Data excerpt:

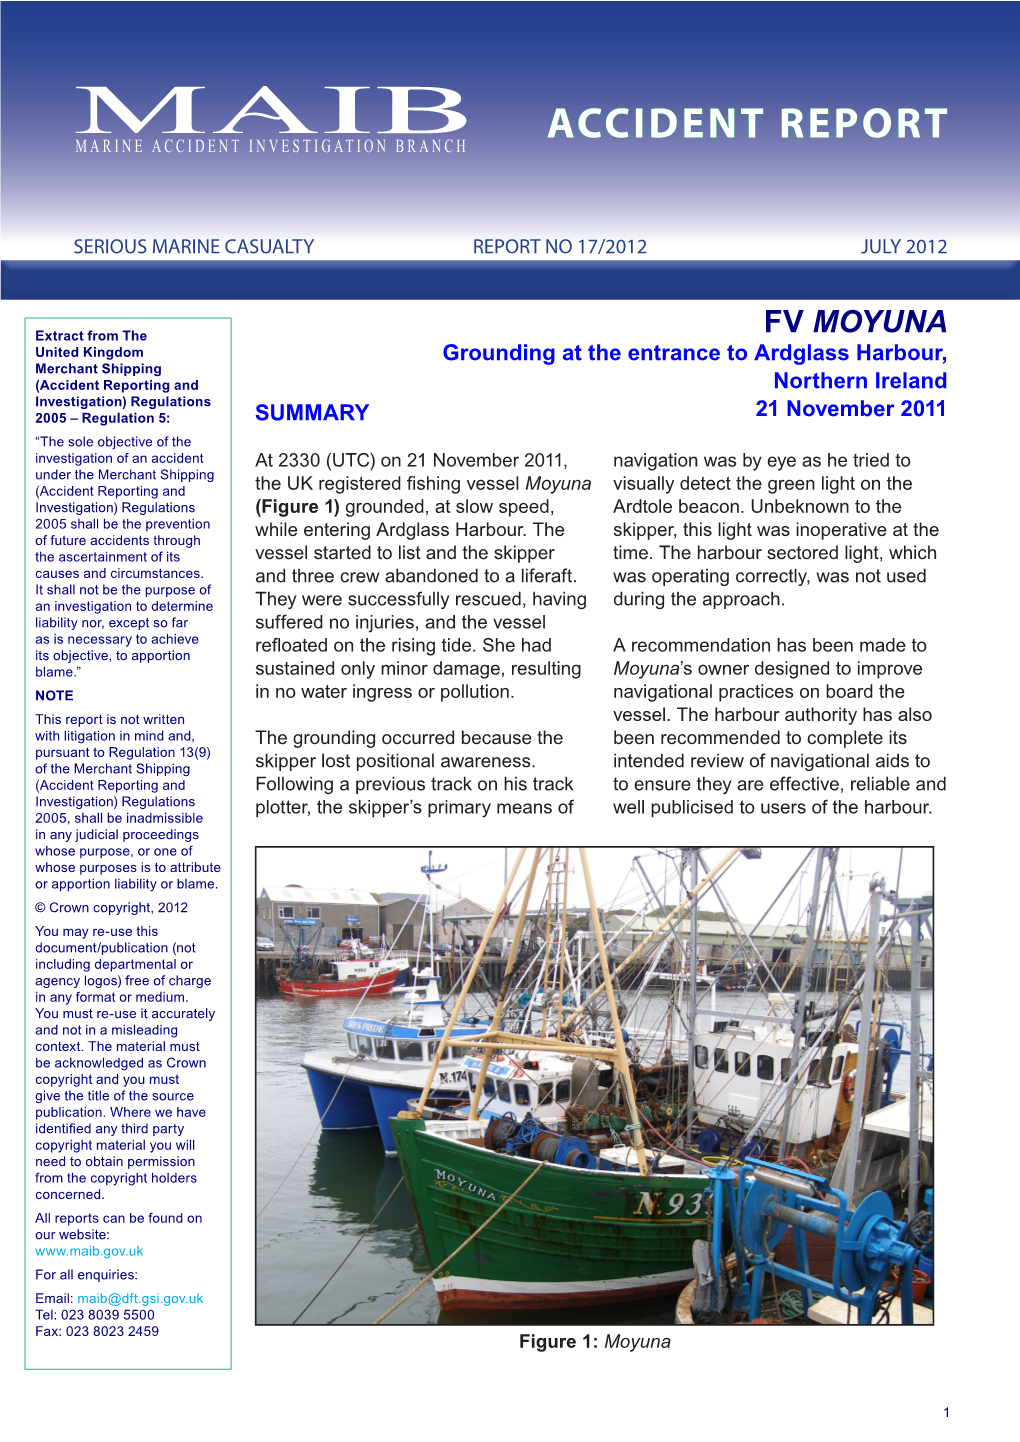 Moyuna Report No 17/2012
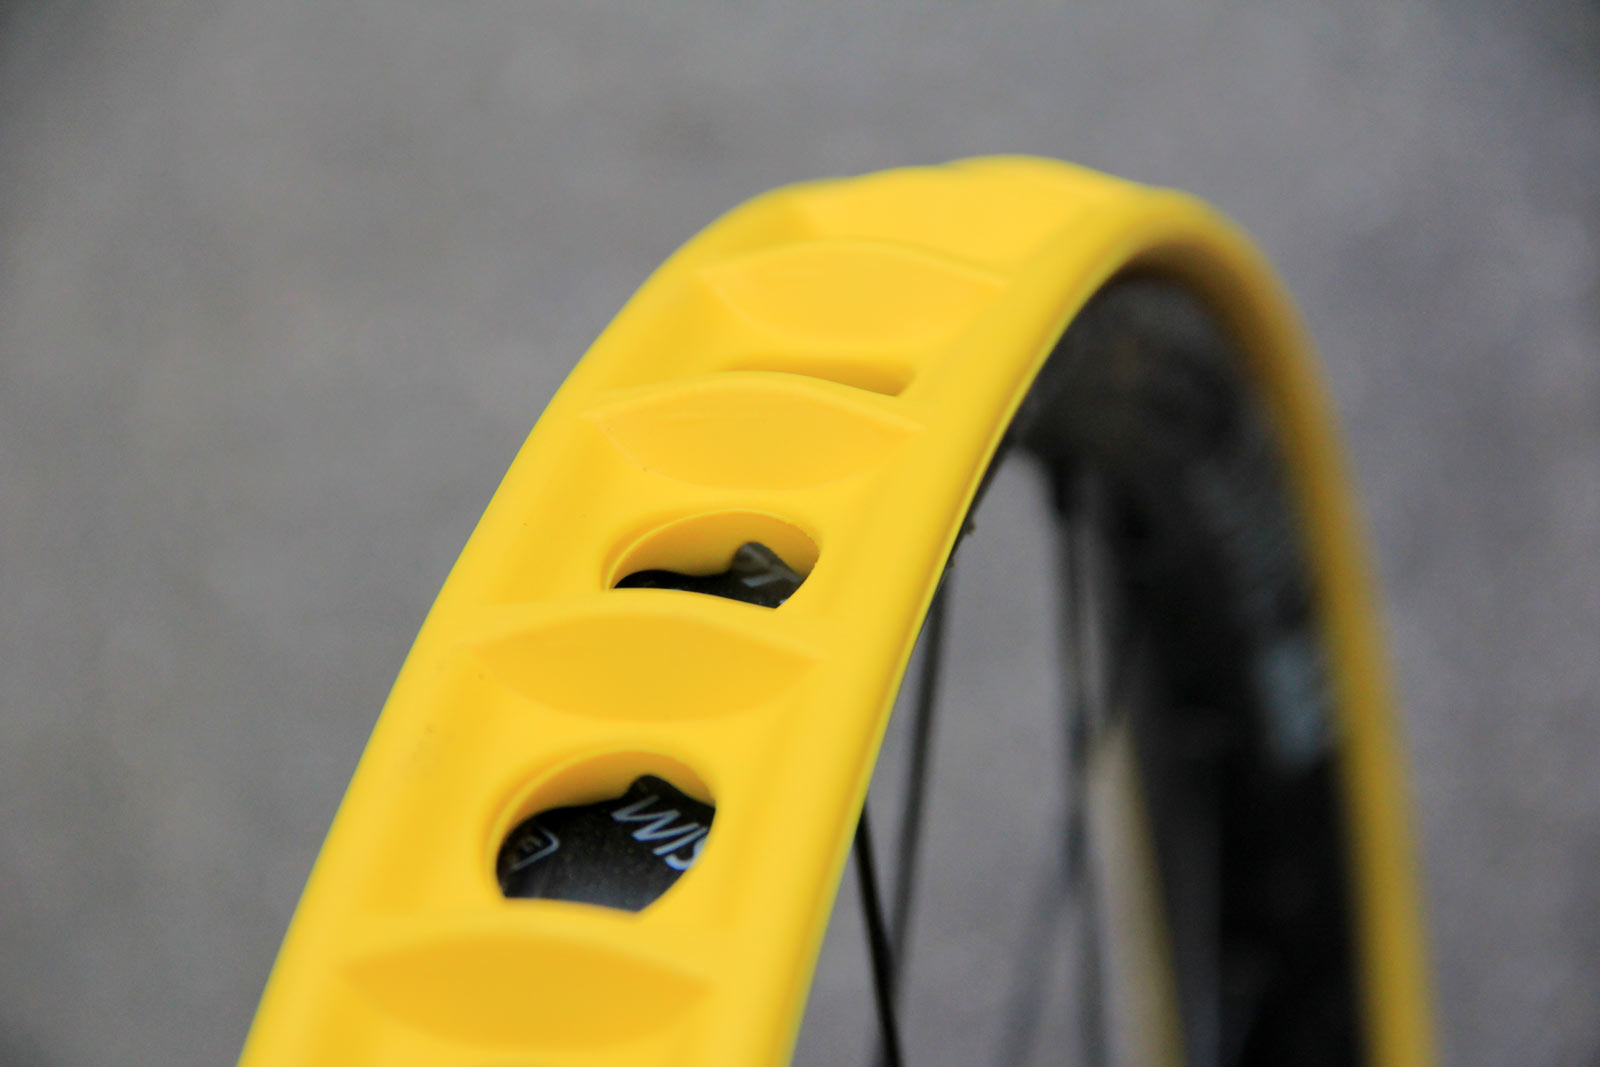 https://bikerumor.com/wp-content/uploads/2021/09/rockstop-mtb-tire-insert-review-rim-protection.jpg
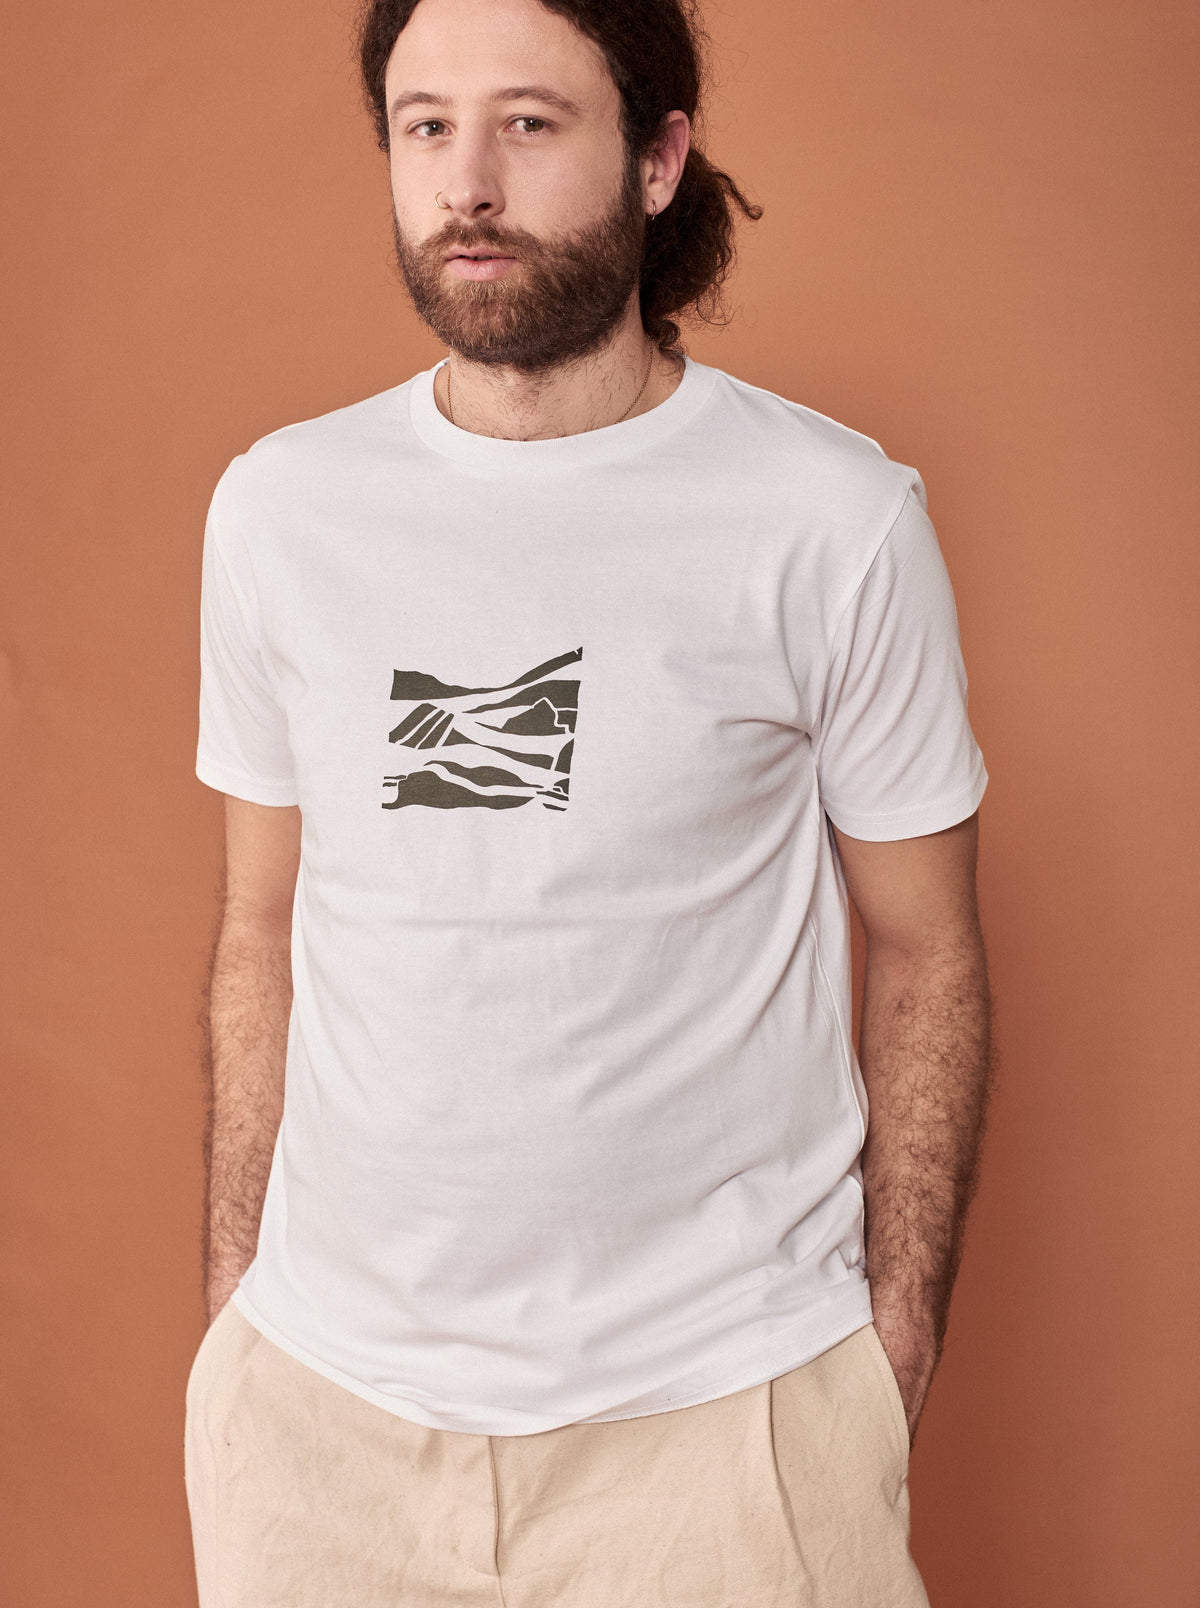 Balaton-felvidék white unisex t-shirt

Aim of the task:
Reproduce the material exactly; omit the pictures.

The answer:
 Moyuna Report No 17/2012
 https://bikerumor.com/wp-content/uploads/2021/09/rockstop-mtb-tire-insert-review-rim-protection.jpg
 Balaton-felvidék white unisex t-shirt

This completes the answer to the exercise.